= Colin Campbell and his Highland Band =

Scottish west coast swing band

Colin Campbell and His Highland Band were a west coast swing band in Scotland through the mid-1960s to the 1980s. Dressed in Ancient Campbell tartan jackets, they released several albums, EPs, singles and cassette tapes for both the Beltona/Decca and Lismor Recording Companies.

==Career==
The band performed numerous shows and dances throughout their career, from Lewis to London. They played various venues included village halls, hotels, and theatres, including The Royal Albert Hall and The Festival Hall in London.

Colin Campbell and his Highland Band represented Scotland at the Welsh Eisteddfod for two years running playing with Alasdair Gillies, Jimmy Shand, Edinburgh City Pipe Band, The Corries and many others.

Colin Campbell and his Highland Band accompanied Alasdair Gillies in over sixty programmes with Scottish Television in the early seventies called "Alasdair Sings" and on many tours. Colin also worked with many other leading Gaelic singers including Donald Macrae, Calum Kennedy and Norman Maclean.

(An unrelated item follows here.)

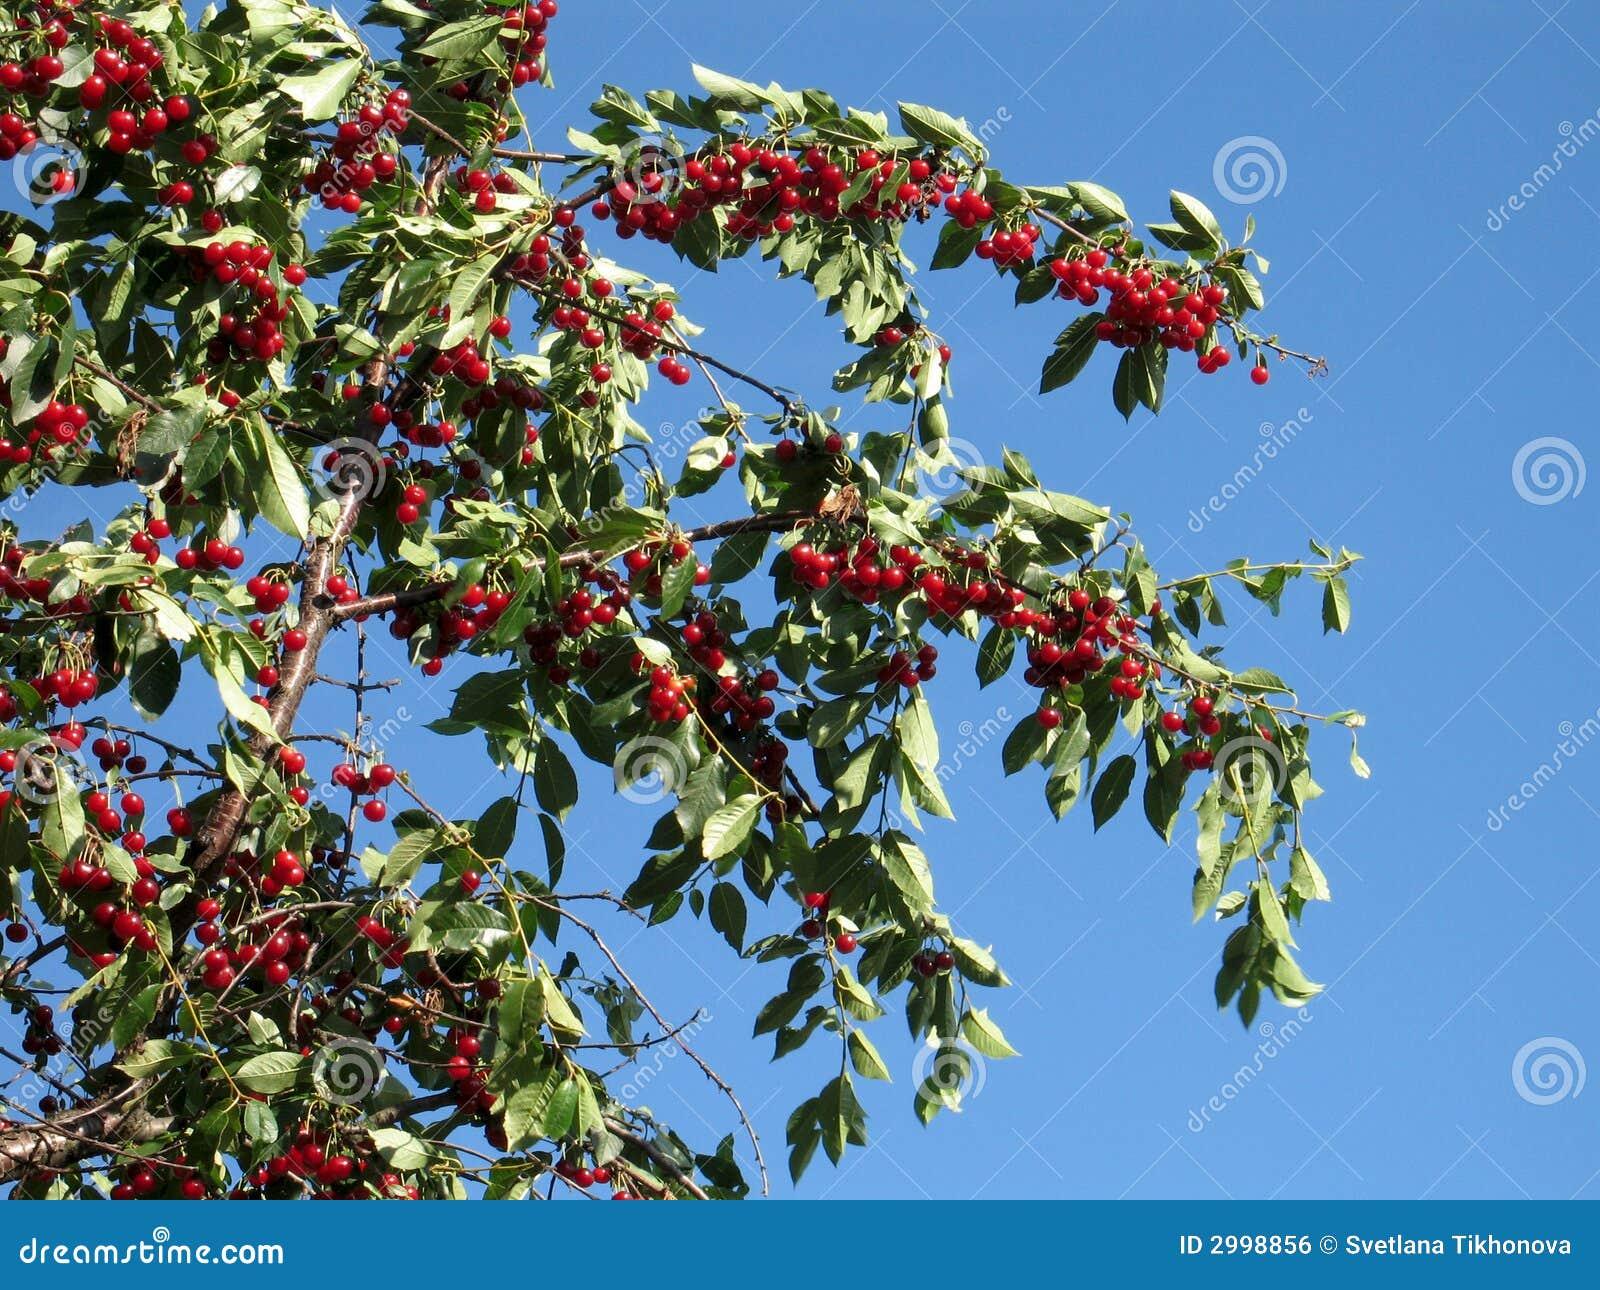 Cerises rouges sur un arbre
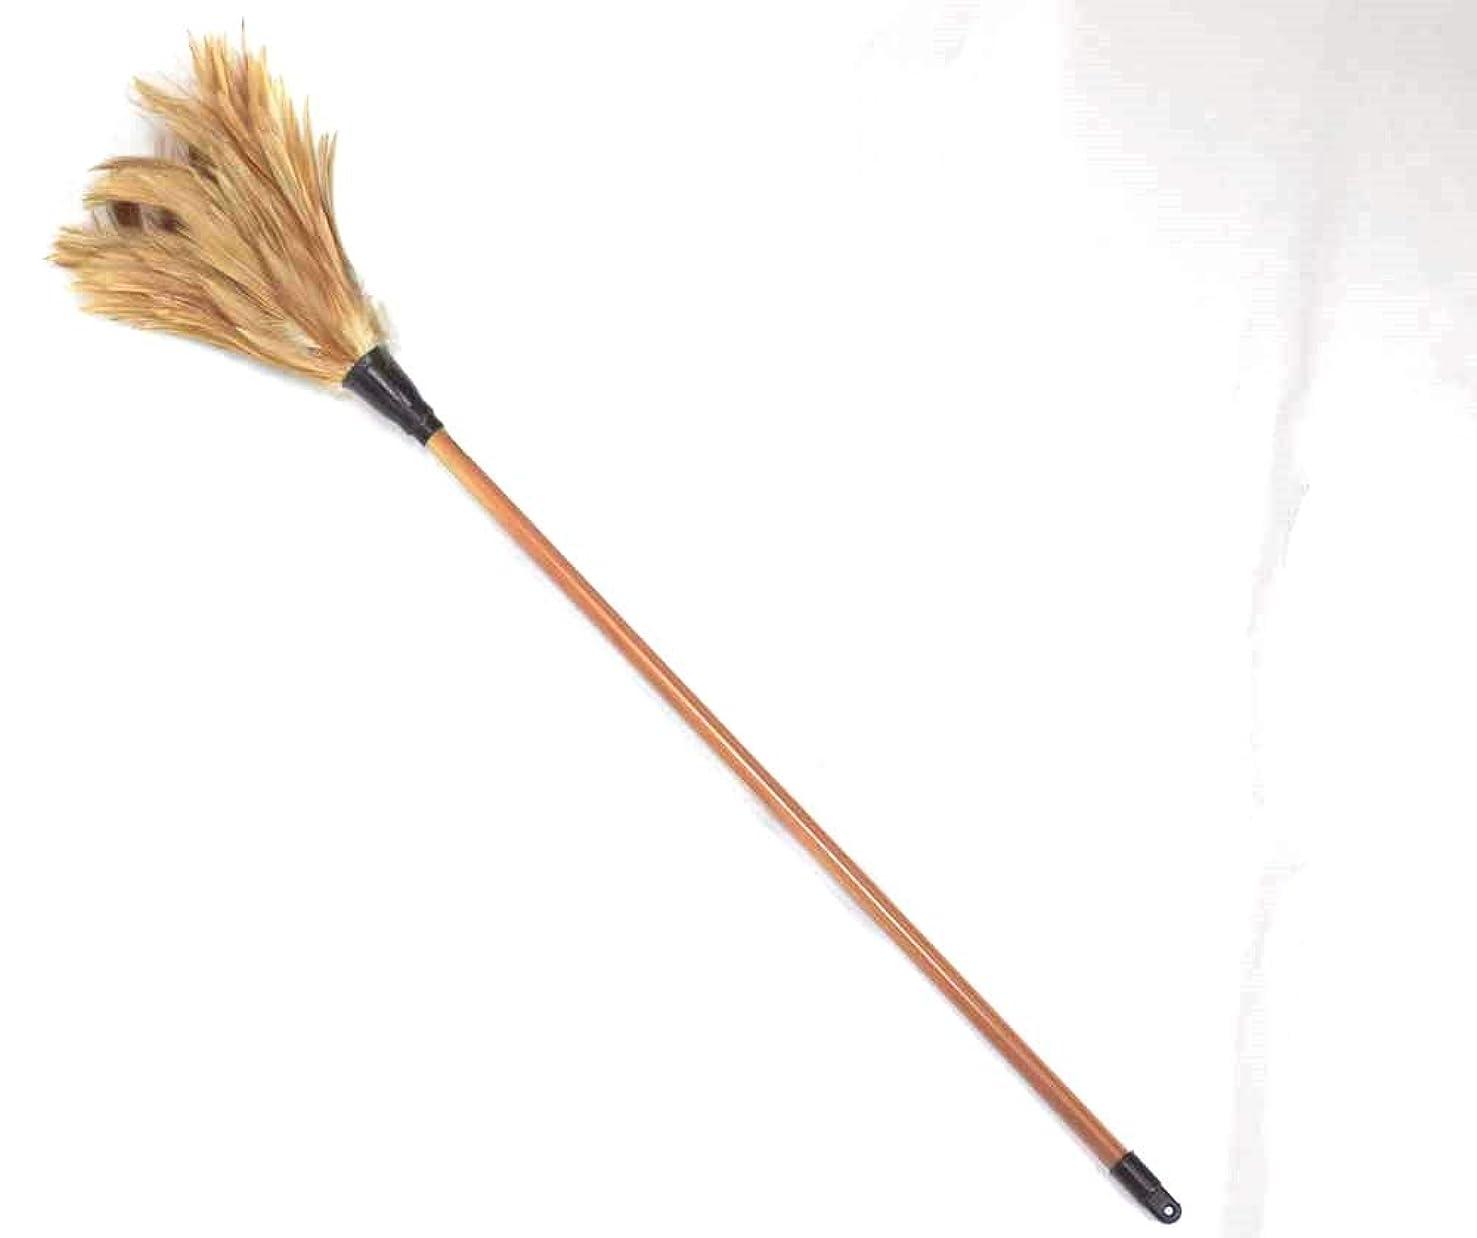 スキニー歯痛店員毛はたき 毛才 大々 仏壇や商品のホコリ払いに 羽根ハタキ

They were also invited to Canada three times to star on a series called Ceilidh which reached number one on the Canadian Network. The first visit was in 1973 with Calum Kennedy. The next visit was a year later in 1974, again with Calum Kennedy, also Helen MacArthur (soprano) and Campbell also played along with The Cape Breton Fiddlers. The third and final visit was in 1975 and joining them on this trip were, Alasdair Gillies, and Robin Hall and Jimmie Macgregor.

During the 1980s and 1990s, Campbell gave up touring with the band to concentrate on playing in local hotels and restaurants, such as McTavish's Kitchens and The Park Hotel in Oban, entertaining the summer tourists and locals. Campbell was also in the resident trio at the Strathspey Hotel in Aviemore for three years.

==Personal life==
Colin retired and lived in Oban with his wife Lorna until his death in September 2015.